It was a very good trip. Fishing was great -- so too was the insect collecting. In this entry, two caddisfly casemakers that I've not seen before: next entry, two new flatheaded mayflies.
Number one, this neat larva with a prominent dorsal hump and long stringy gills. Found this one in a backwater eddy of the Bitterroot River, kind of like this one.
This identification has given me fits. I got it into my mind -- given that prominent hump and the long, single gills -- that it had to be Phryganeidae (Giant Casemaker). That led me astray for most of yesterday. That just didn't work, so I keyed it out and came out to Limnephilidae, Northern Casemaker. One of the things that led me in that direction was the fact that the mesonotum has sclerotized plates while the metanotum is largely membranous with sclerites at sa1, sa2, and sa3.

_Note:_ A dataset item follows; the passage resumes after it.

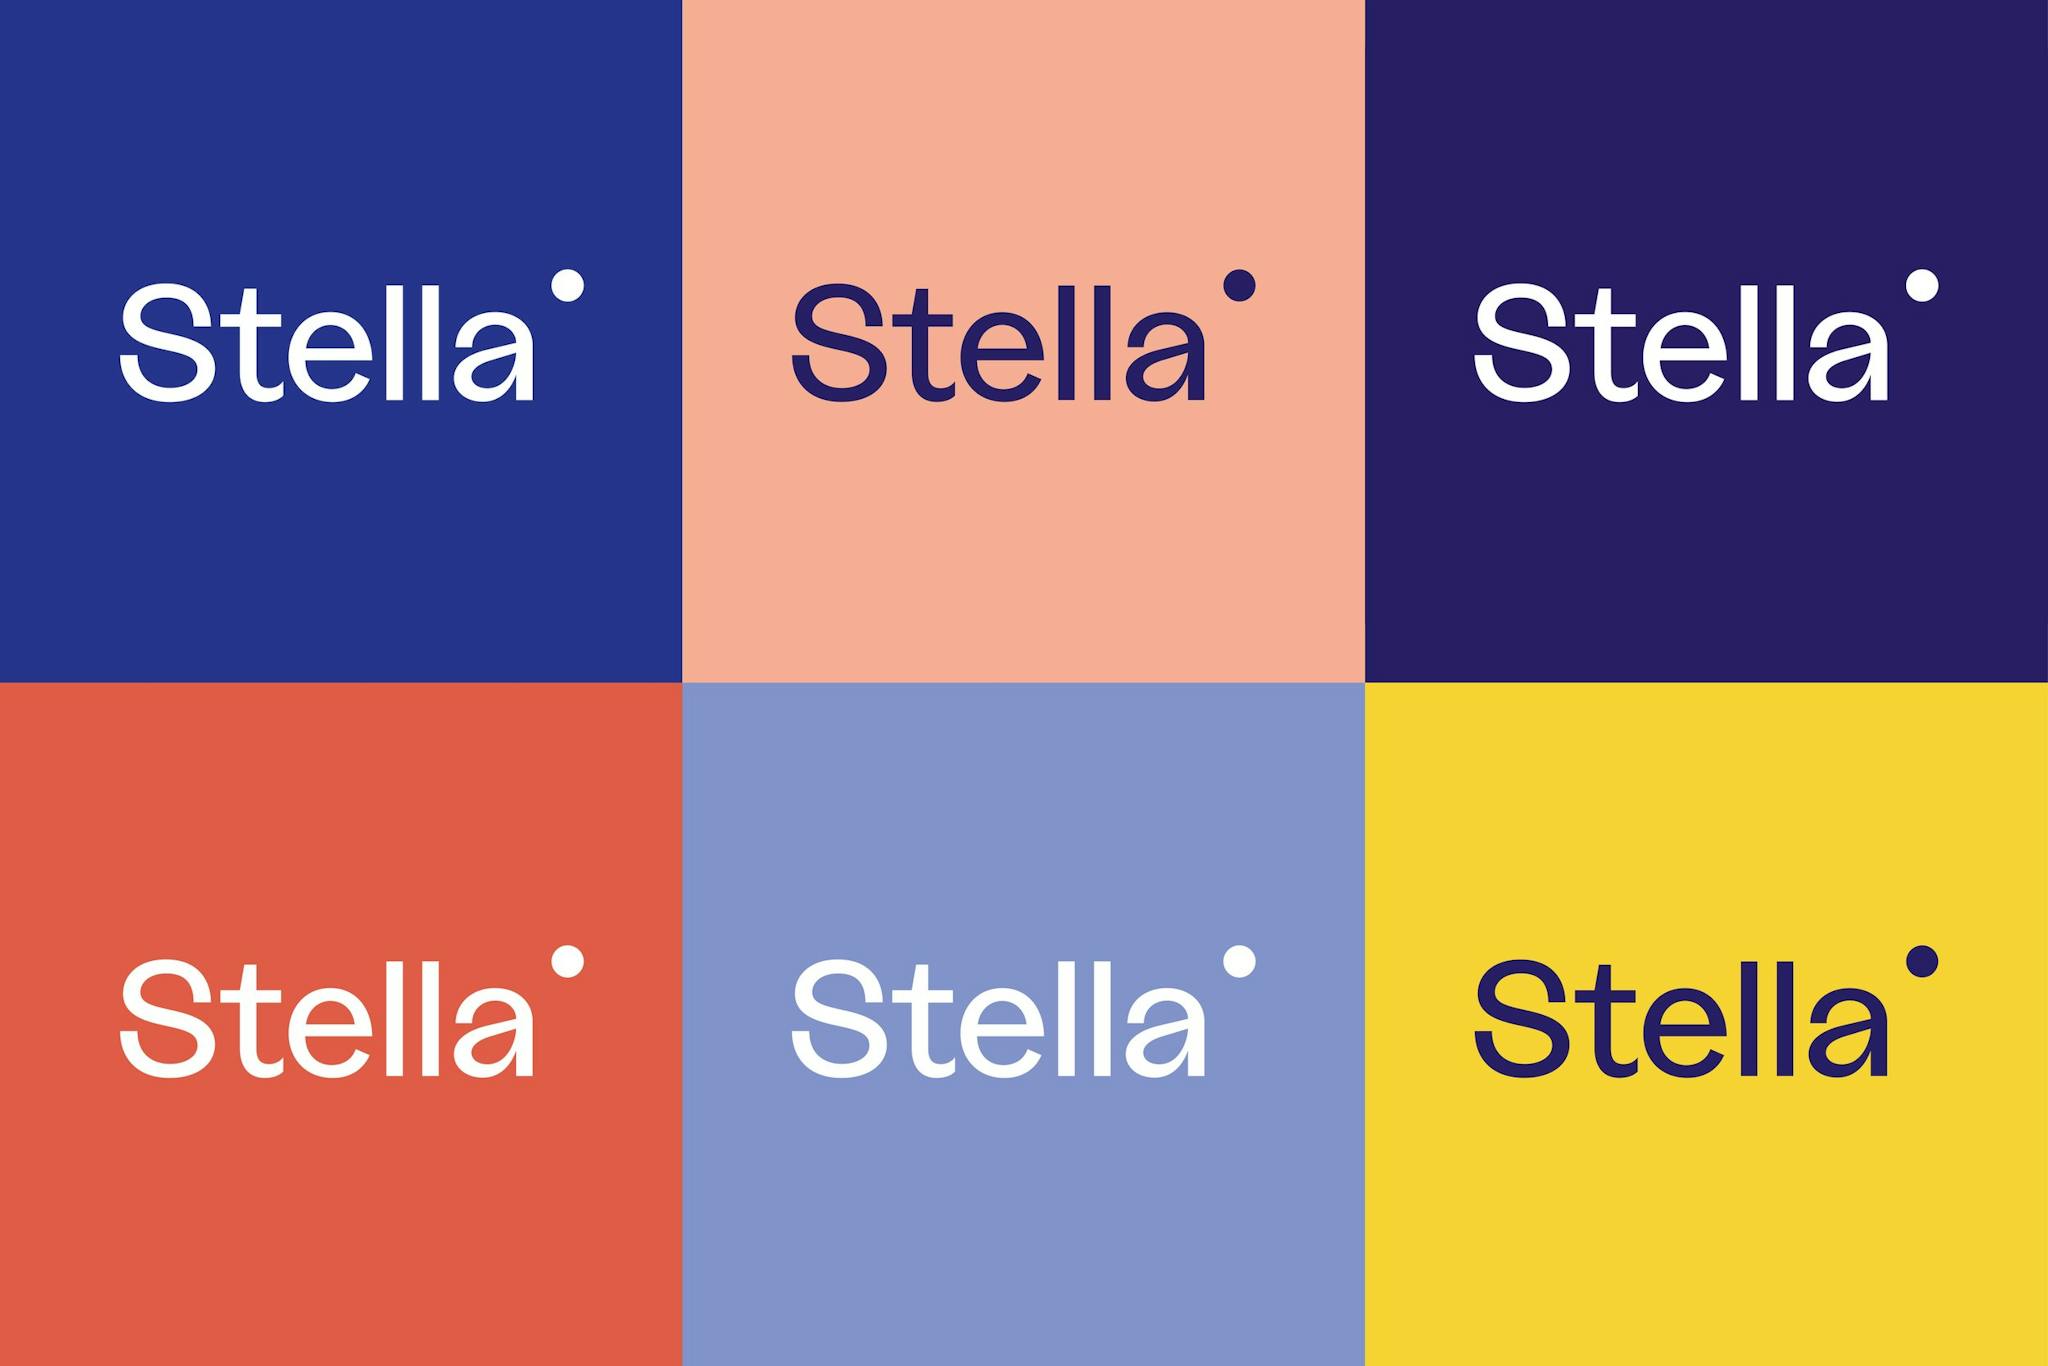 Stella Vorarlberg, Zeughaus Design © Zeughaus Design

That led me to Wiggins (Larvae of the North American Caddisfly Genera, 1977), where I worked through the descriptions and illustrations of the various genera of Limnephilidae. Even then, the genus ID wasn't real clear. But in the end, I've decided that the probable genus ID is Psychoglypha (Wiggins, p. 280-281). Here's Wiggins' description:
Larvae of Psychoglypha spp. are sufficiently divergent morphologically that it is difficult to find characters diagnostic for the genus. The two sclerites lying close to the dorsal edge of the lateral hump of abdominal segment I provide the only consistent character discovered thus far for all the larvae we have collected.
I can see such sclerites on the larva I found, and, they are the same shape and size that we see in Wiggins' illustration (p. 281).
A few other features.
...in a few species stout spines and setae occur along the pronotum and on the sclerite of segment IX and the lateral sclerites of the anal prolegs.

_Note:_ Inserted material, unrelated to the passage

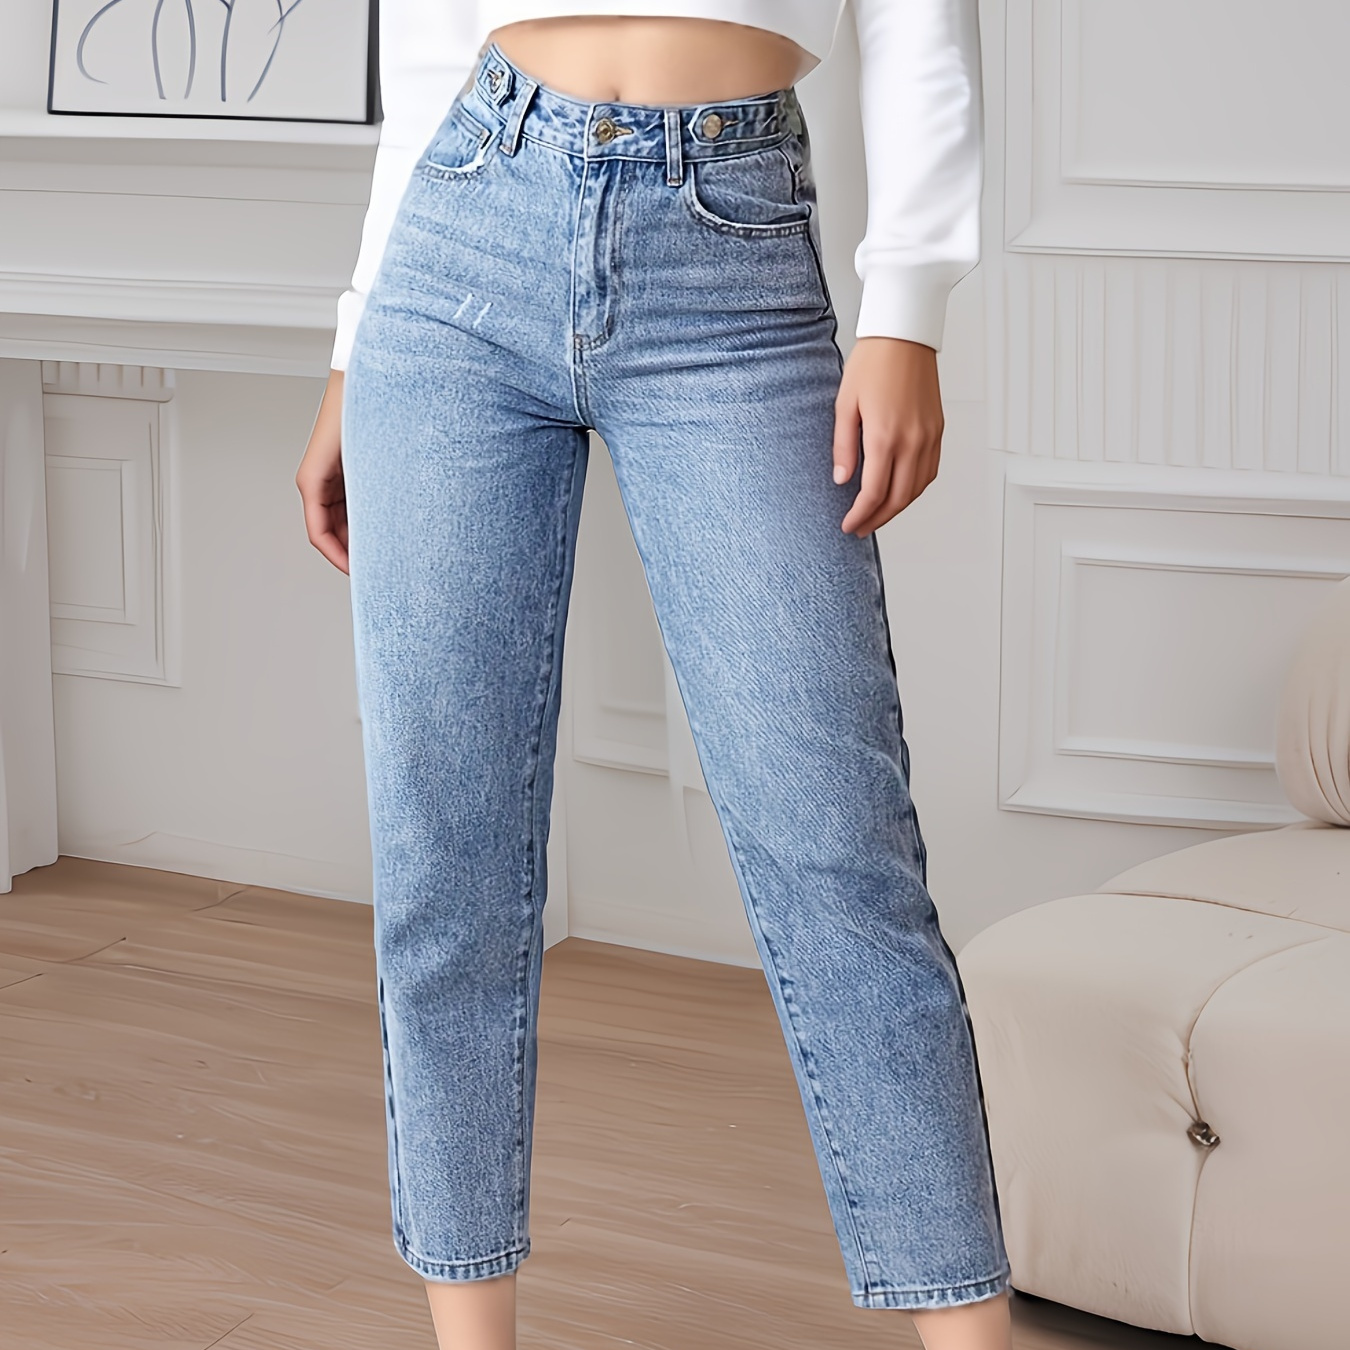 

Plain Washed Blue High Rise Slim Fit Zipper Button Closure Versatile Denim Pants, Jeans, Women's Denim Jeans & Clothing

The spines and the setae on the pronotum seem to me to be present on this particular larva, and the stout setae on the sclerites on segment IX and the anal prolegs clearly have "stout spines and setae."
Head markings usually consist of dark brown spots and blotches on a yellowish brown background, except in P. bella where the head and legs are uniform dark brown. Abdominal gills are single. Length of larva up to 26 mm.

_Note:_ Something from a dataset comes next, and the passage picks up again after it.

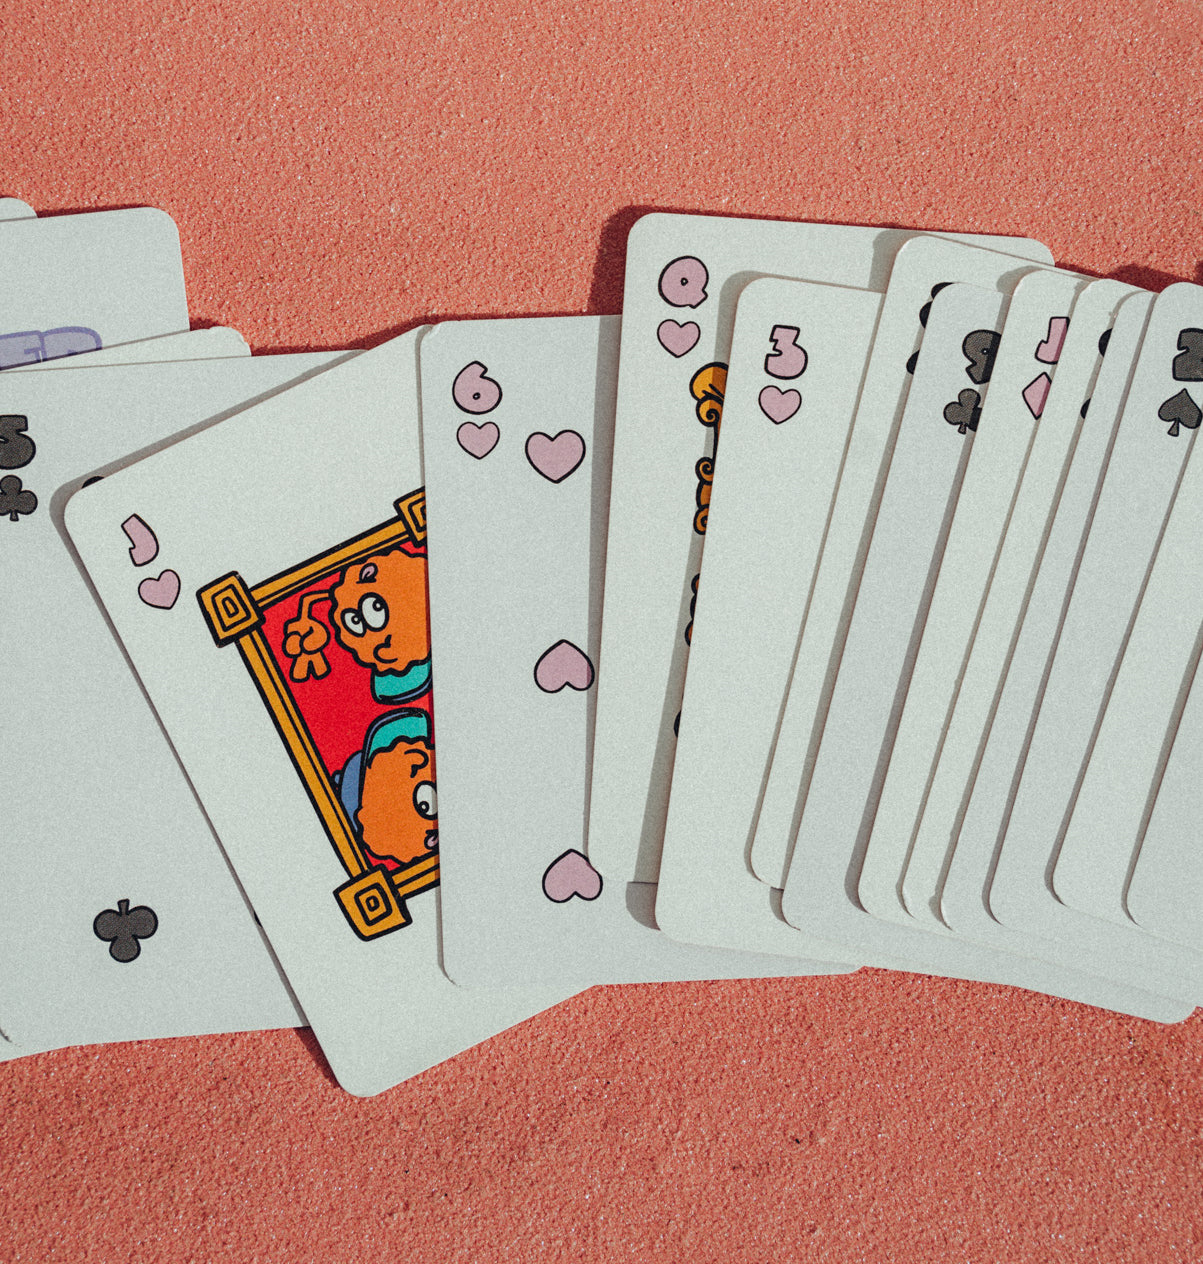 8enjamin playing cards

The gills are single for sure (not branched). The head color -- I see a dark brown head and legs, but P. bella is a species that has not yet been found in MT. (But it is listed in Rohrbeck in his record of Psychoglypha species. ???) The Psychoglypha species that have been found in Montana are alascensis, prita, and subborealis. (See Natureserve Explorer, explorer.natureserve.org). This larva was only 16 mm, and the case was 29mm. But I think this larva was still immature. For the habitat, Wiggins says this: "Psychoglypha larvae occur in a wide range of cool-water habitats, ranging from springs runs to larger streams and their marginal pools." I can live with a "marginal pool" for this one. In any event, at this point, Psychoglypha is my best guess for the genus ID. I might know more if I can get Steve Beaty to have a look at this larva.
Number two, a Uenoid.
I found these Uenoids in a small mountain stream that's across the street from the motel we use: Grant Creek. There were a bunch of them attached to the rocks near the shoreline.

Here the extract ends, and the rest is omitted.